■ **Provided data**
....

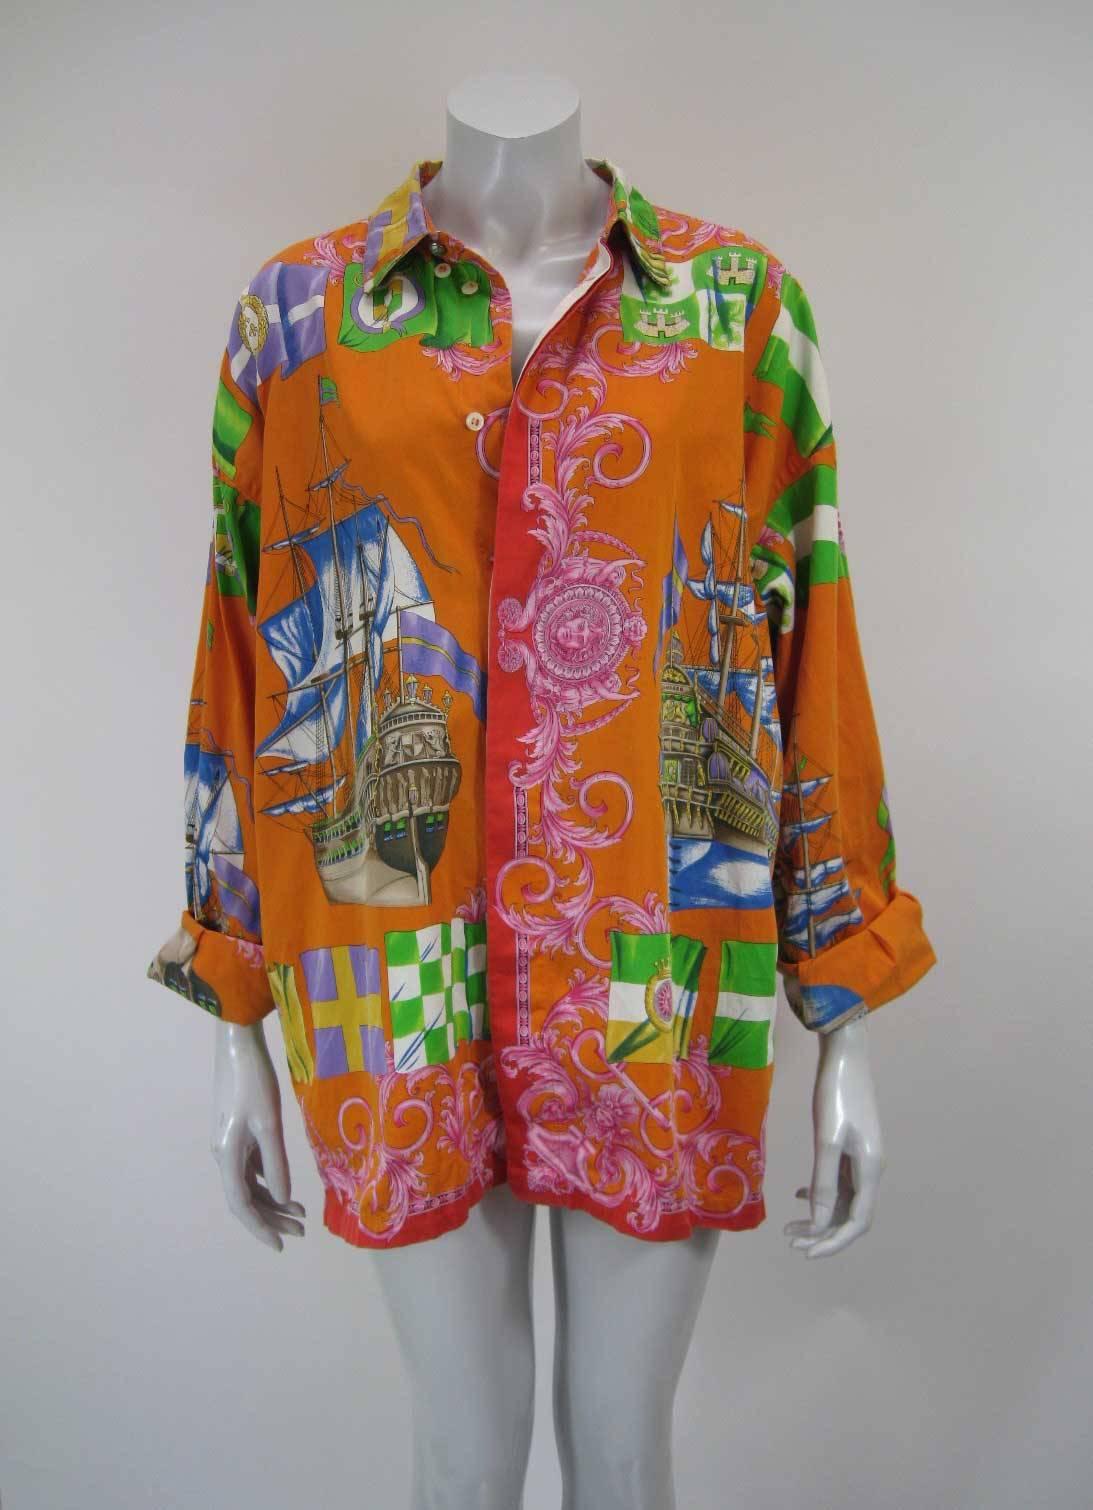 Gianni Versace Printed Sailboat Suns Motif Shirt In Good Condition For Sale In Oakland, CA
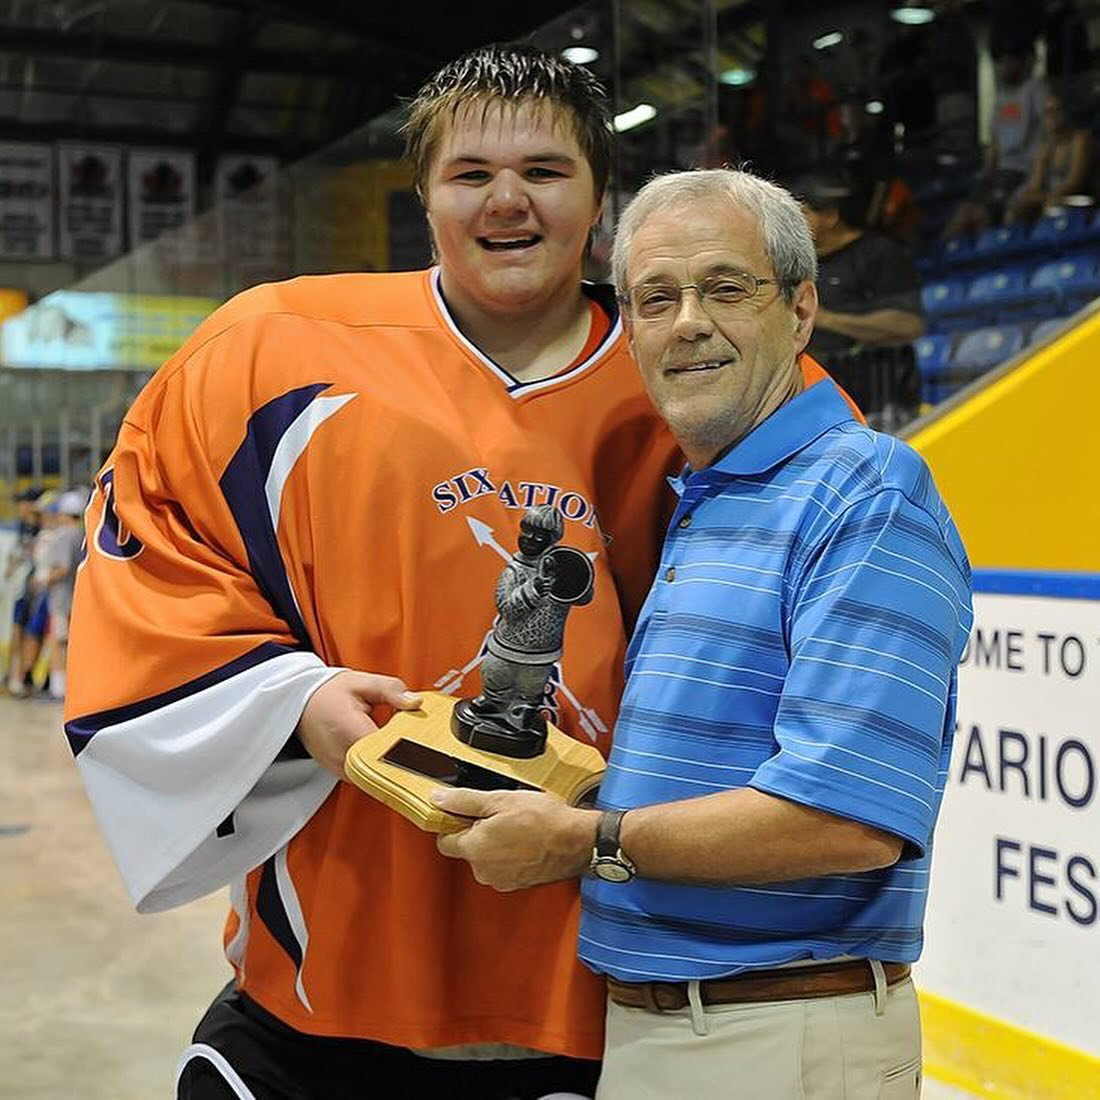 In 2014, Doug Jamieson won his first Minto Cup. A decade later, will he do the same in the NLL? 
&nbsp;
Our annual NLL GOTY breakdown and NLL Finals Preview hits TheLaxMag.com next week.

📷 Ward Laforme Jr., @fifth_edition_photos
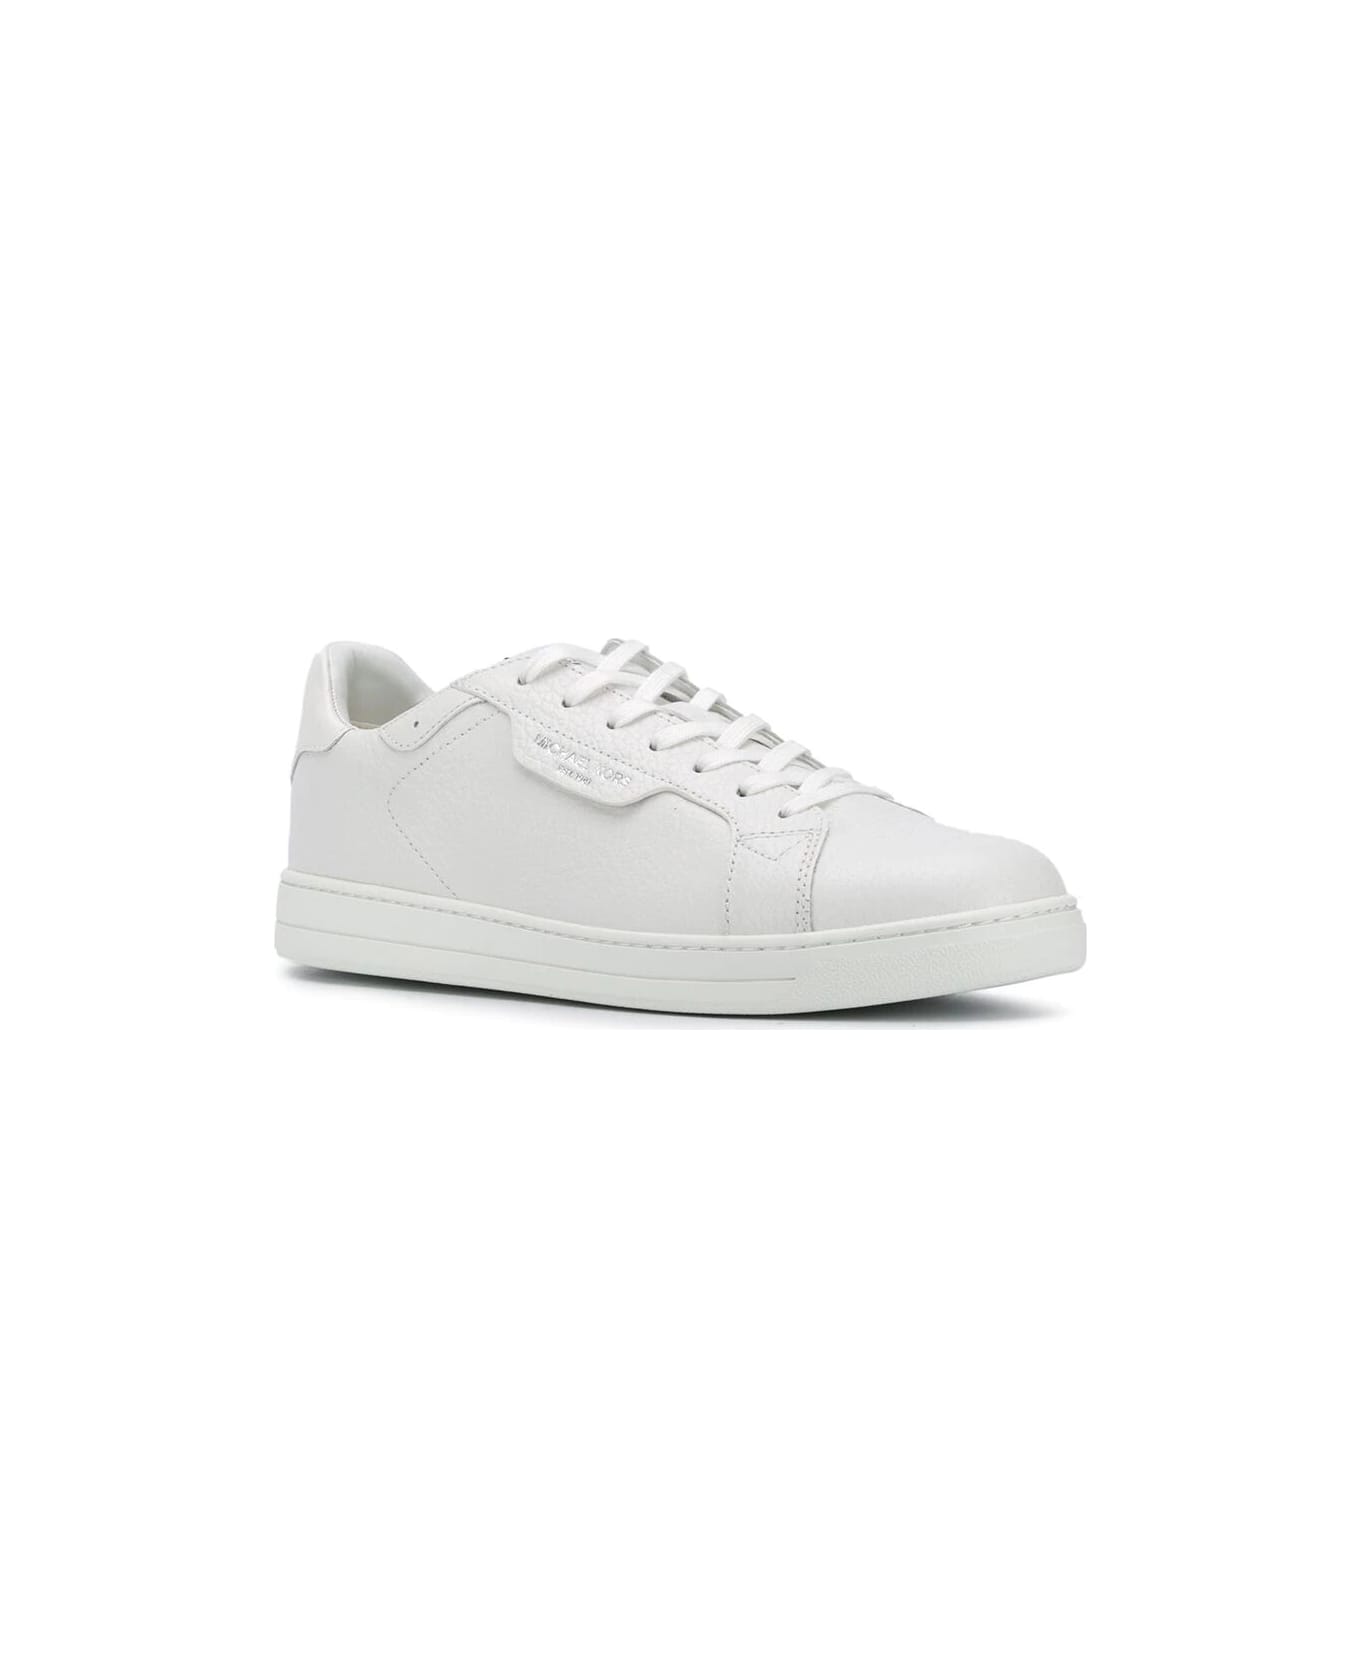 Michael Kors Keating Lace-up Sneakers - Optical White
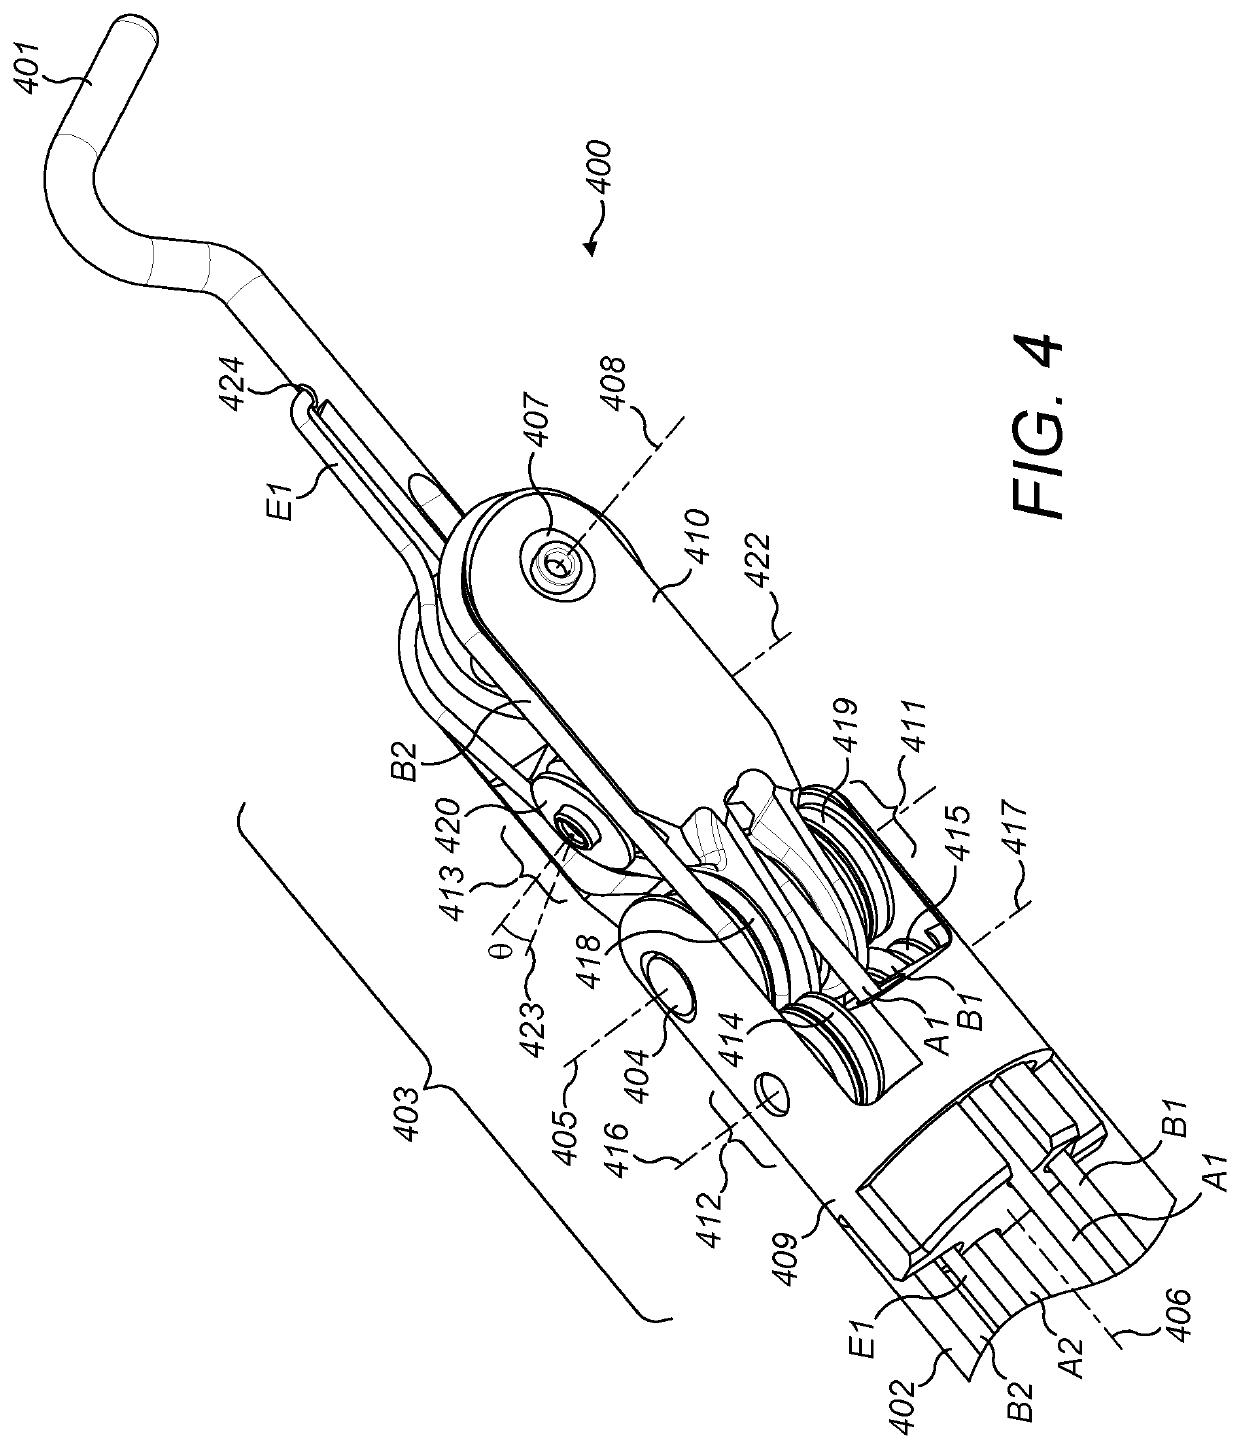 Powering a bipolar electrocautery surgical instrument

....

■ **Work request**
Write out all the entries again, word for word, and print no images.

■ **Written response**
 Gianni Versace Printed Sailboat Suns Motif Shirt In Good Condition For Sale In Oakland, CA
 In 2014, Doug Jamieson won his first Minto Cup. A decade later, will he do the same in the NLL? 
&nbsp;
Our annual NLL GOTY breakdown and NLL Finals Preview hits TheLaxMag.com next week.

📷 Ward Laforme Jr., @fifth_edition_photos
 Michael Kors Keating Lace-up Sneakers - Optical White
 Powering a bipolar electrocautery surgical instrument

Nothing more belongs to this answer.